The film stars Pete Davidson as the party host, with “Borat 2” Oscar nominee Maria Bakalova, “Shiva Baby” star Rachel Sennott, Myha’la Herrold, Chase Sui Wonders, Amandla Stenberg, and Lee Pace as his guests.

“I’m obsessed with power and sexuality in a pressure-cooker environment,” director Reijn added, drawing on her theater background. “With all those classical works, we turned them into modern pieces. And we basically treated [‘Bodies Bodies Bodies’] almost as if it was a Chekhov play.”

“Bodies Bodies Bodies” was filmed at a real mansion in Chappaqua, an elite suburb in upstate New York and a property that distinctly captured the 21st century entitled wealth that Reijn set out to satirically slaughter.

“It was such an enormous house — you had a basketball court inside, a basketball court outside,” Netherlands native Reijn said. “I just thought it was a great symbol for narcissism and American wealth. Trump would have lived there, that’s what the house looked like to me.”

From intersectionality to racial reckoning allyship, nothing is off-limits to be skewered by “Bodies Bodies Bodies,” which ironically comments on the false appearances of wokeness. IndieWire critic Robert Daniels described the must-see summer slasher as a pointed black comedy attack on monolithic Gen-Z party flicks.
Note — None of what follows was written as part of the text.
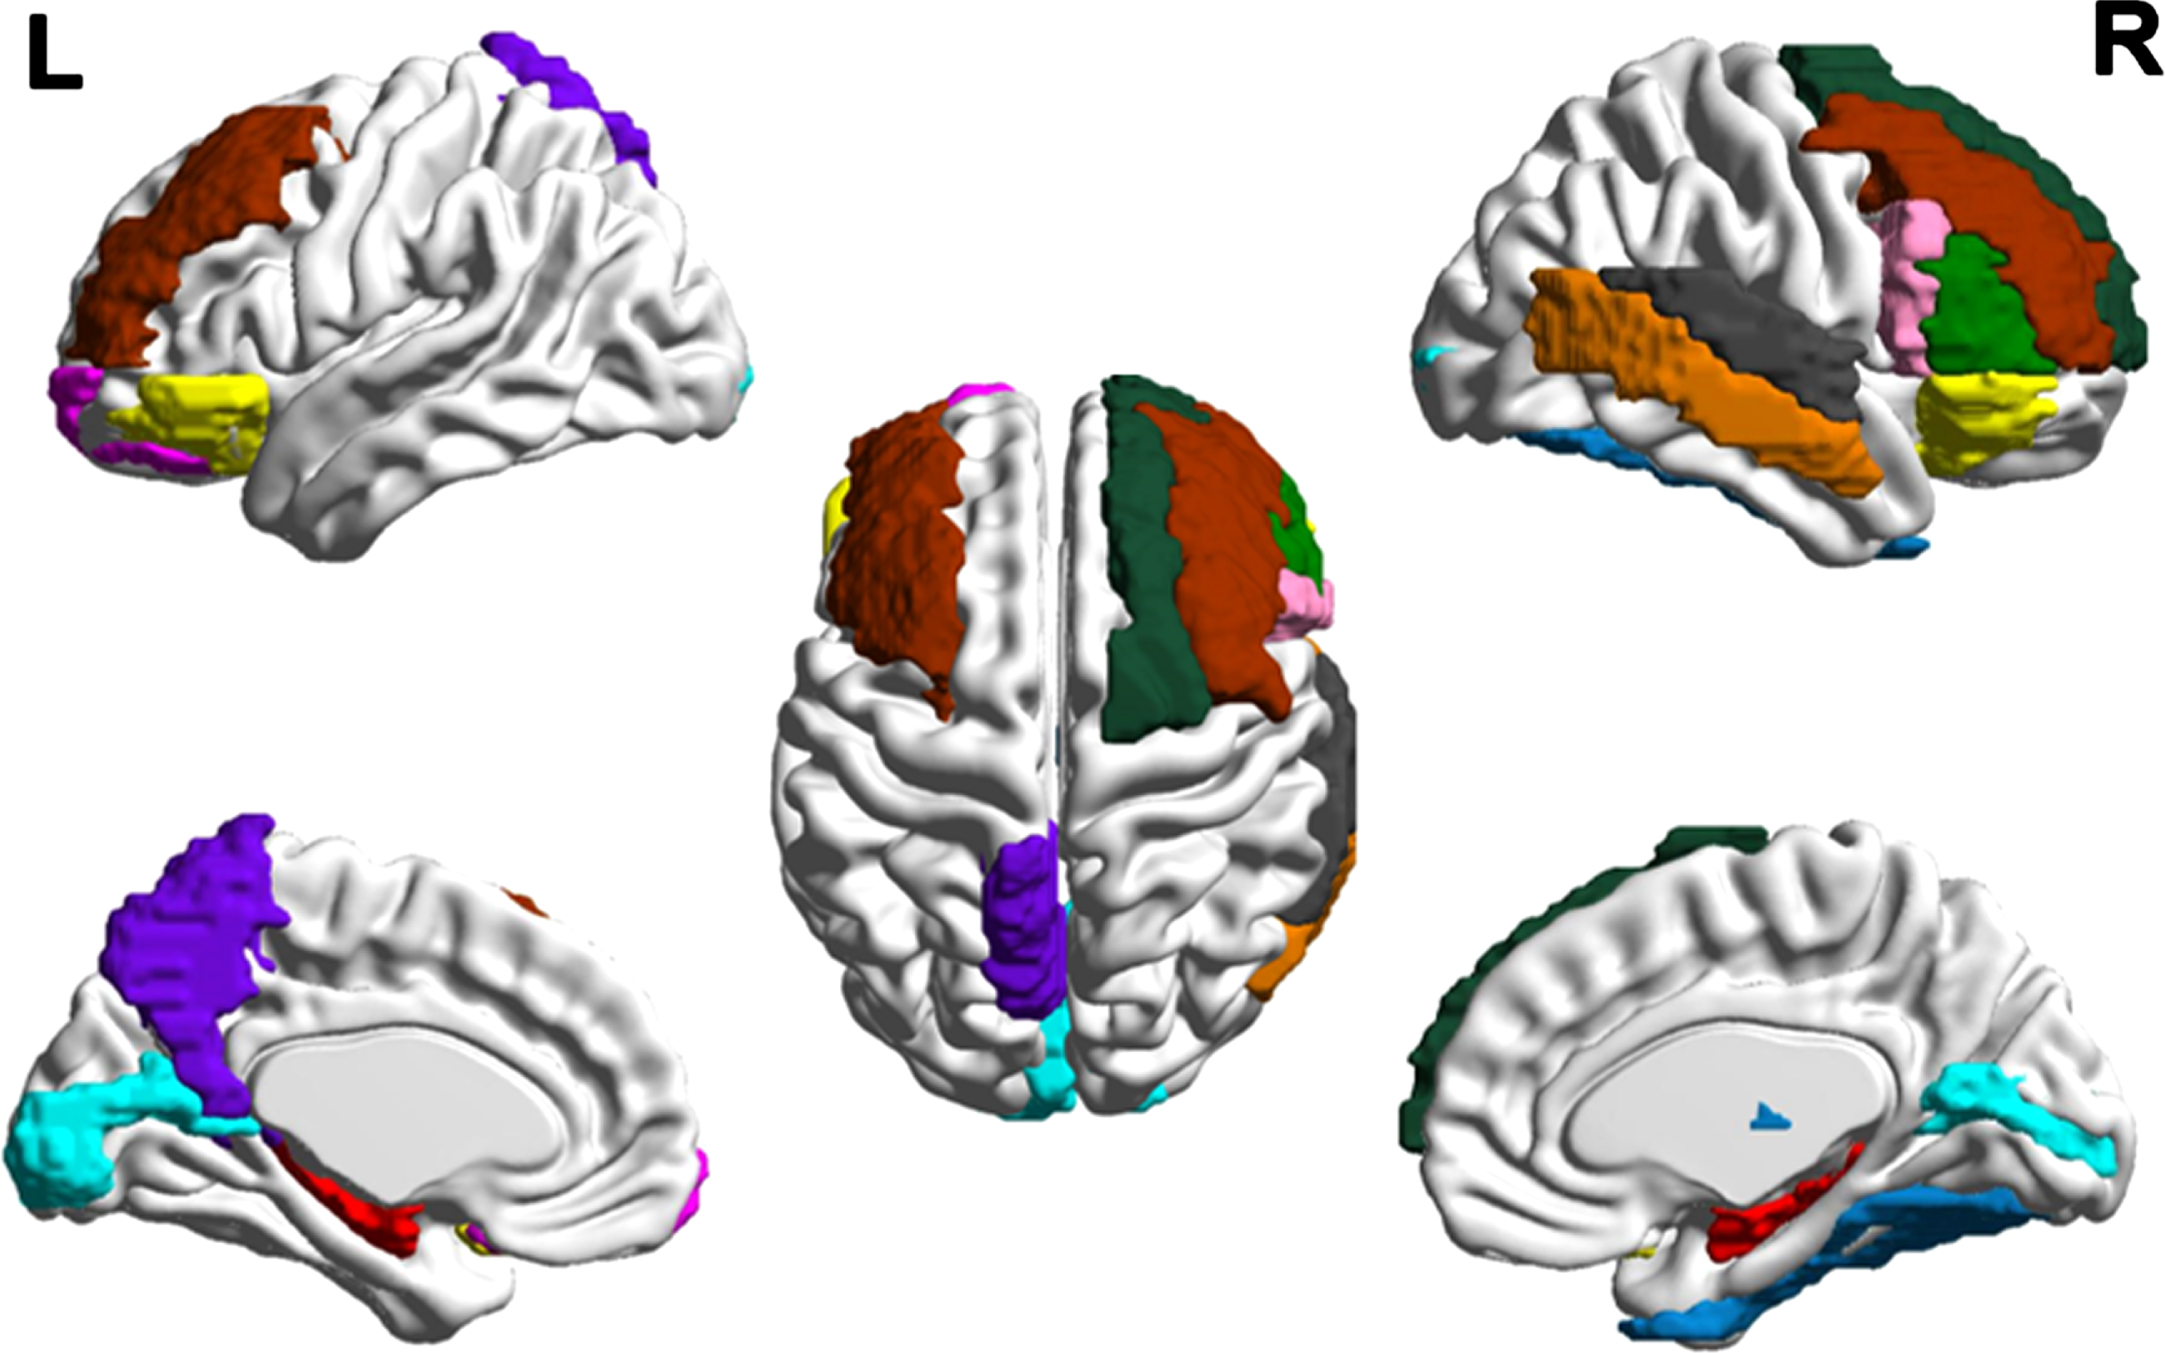 Distribution of cortical changes in COPD patients. Compared to the normal controls, cortical atrophy in COPD patients is concentrated in bilateral hippocampus (red), right opercular part (pink)/triangular part of the inferior frontal gyrus (green), left precuneus (purple), bilateral middle frontal gyrus (brown), right thalamus (blue), right superior (gray)/middle temporal gyrus (orange), right superior frontal gyrus (blackish green), bilateral calcarine (cyan), bilateral orbital inferior frontal gyrus (yellow), left orbital superior frontal gyrus (magenta), and right fusiform gyrus (indigo). Compared with the dominant hemispheres, the structural changes in the non-dominant hemispheres were more obvious. The lesions in the frontal lobe are prominent.

“It’s what the film interrogates — accidental mania and socio-economic fueled distrust — that sets this sharp script apart,” Daniels penned, citing the TikTok parallels for the twisted climax. “Whether any of this ages well is anybody’s guess, and probably secondary to the point of this very present film. But it’s the uproarious image of rich kids without WiFi, descending into frothing at the mouth, bloody madness, that makes Reijin’s ‘Bodies Bodies Bodies’ an unmistakable Gen Z anthem for blood.”

A24 will release the film in theaters on August 5.